當初滯留在平昌的令狐燁,因為曾背信于蕭弋舟,如今不敢效法他人開門迎敵,只恨,他恨竟不是林平伯快人一步兵臨城下,面對其心如狼的蕭弋舟,真是毫無勝算。
盡管澤南在發兵向蕭弋舟示威,并且奪下沅陵,仍然沒有阻住西綏大軍一路過關斬將打下平昌。
發兵前夜,蕭煜想到曾在平昌使用過的硝石硫黃,“世子,平昌古都,城墻高聳,易守難攻,不如利用炮火炸開城墻,率先用威勢喝住守將?”
蕭弋舟斷然否決了。
這個時代,硝石還只配用來制作爆竹,上回只是小規模試用,境況也有些一發不可收,險些壞事,這種人力無法控制的武器,眼下還不適宜拿來用。何況——這是他的小公主的家。

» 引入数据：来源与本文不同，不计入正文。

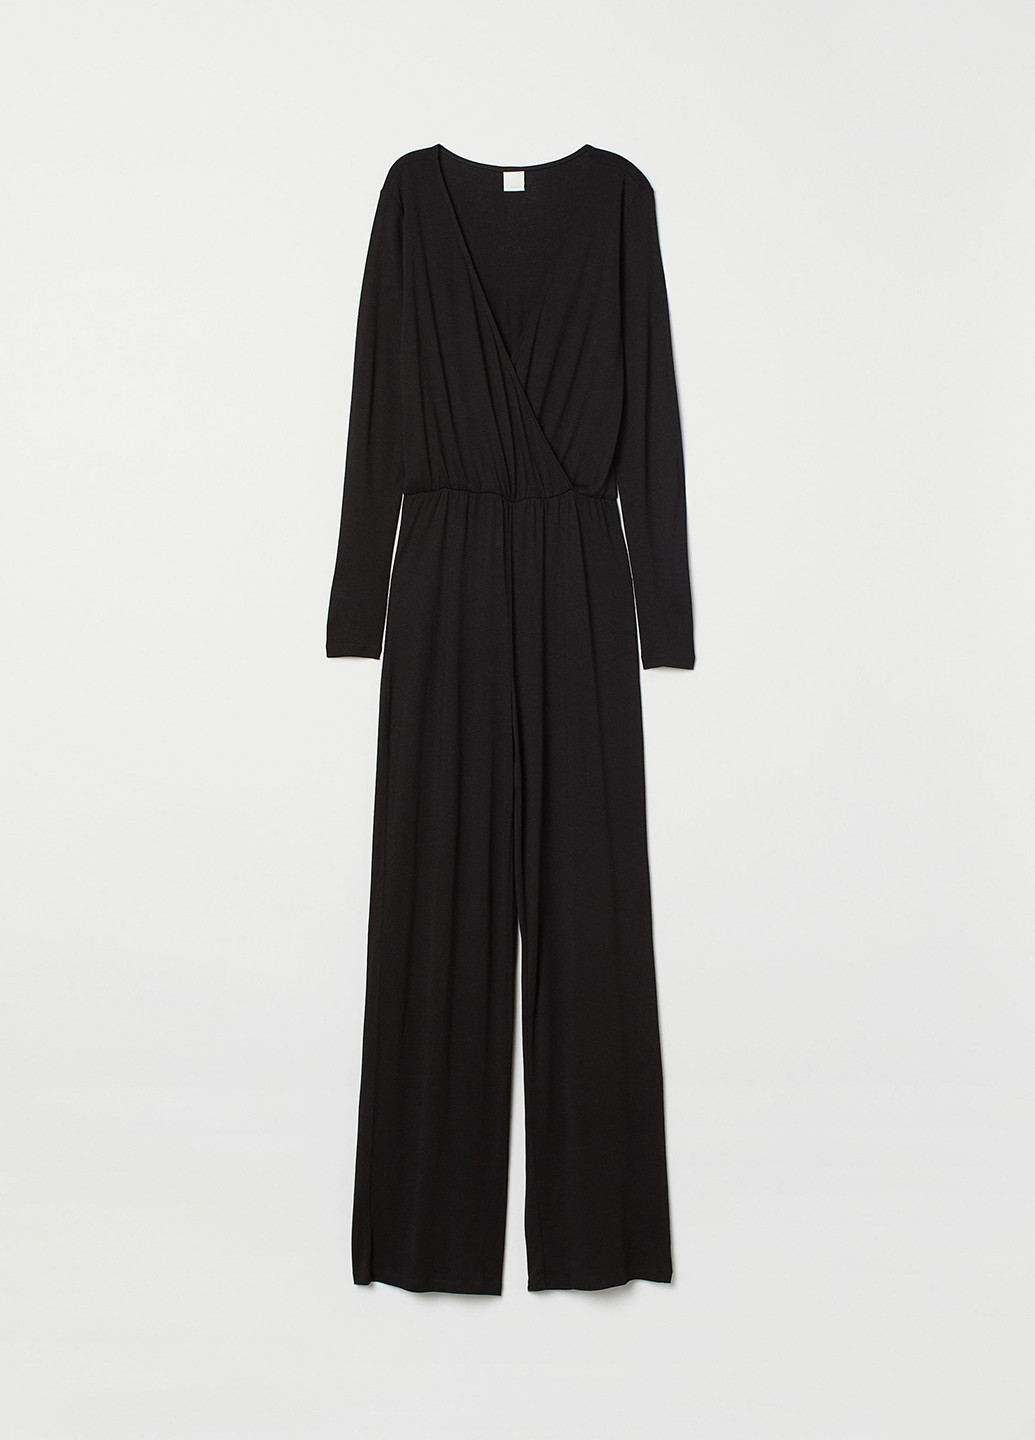 Комбинезон H&M комбинезон-брюки однотонный чёрный кэжуал вискоза, трикотаж

蕭弋舟望著遠處山腳下千萬燈火閃爍的平昌城,眸色復雜,胸中感慨萬千。
曾幾何時,這高墻大樓不可近望,如今似乎已在覆手之間。
“拿下平昌,再將沅陵一并送你。從此之后,我以沅陵為都,加筑城墻,護你一世無虞。”
令狐燁終究沒等抵擋住蕭弋舟大軍破城,人心惶惶,火光照徹長夜,深夜的長街上到處都是驚呼聲,軍靴整齊的橐橐坼地之聲,戰士吼叫聲,火焰燒毀房屋的嗶剝聲。
“蕭賊入城了!”
逃竄的平民無辜被殺,亂箭射入,積尸如山。
曾有人說過,嶺南無十戶,平昌無賤民。瘴氣包裹的嶺南一帶,千里之地幾乎荒無人煙,帝王從來不會過問,而天子腳下,沒有一個鶉衣鷇食的貧民,這些民眾長期仰賴皇城富足油水供養,早已人心麻痹,他們甚至不會過問誰來做這個君王,只要平昌仍然是都城,他們永遠不會餓死。
陳湛、陳祺乃至官海潮,都不會與他們為難,但蕭弋舟不同。
這是北疆的殺神,一路踩著尸山血水殺到都城來的,他從無敗仗,而且因為當年昏君的羞辱,后來陳湛的刺殺,他對這座古都不可謂不痛恨,這種恨被官海潮和令狐燁利用得很好,致使得平昌城上下軍民一心,民眾也拿著戈矛上街抵御外辱,被流矢射死之后,人人奔走相告,說蕭弋舟入城之后,必然屠城。
這些話自然傳入了蕭弋舟耳中。
他將阻攔生事的令狐燁踩在了腳下。
火光熊熊,映徹長夜,男人居高臨下的面容猶如煉獄修羅,他的劍滴著血,正抵在令狐燁喉間。
“令狐將軍胸有大志,城府極深,若是跟我走歸于西綏,來日最多不過是西疆小將,統三千兵甲而已,令狐將軍乃是幾屆秋祭魁首,不肯屈就。至于背叛我,拿下亂賊蕭弋舟,是一等軍功,依附于陳湛,必定可以青云直上,統御羽林上萬兵甲。這是當年你出賣我的計劃時,官大人一五一十相告的。”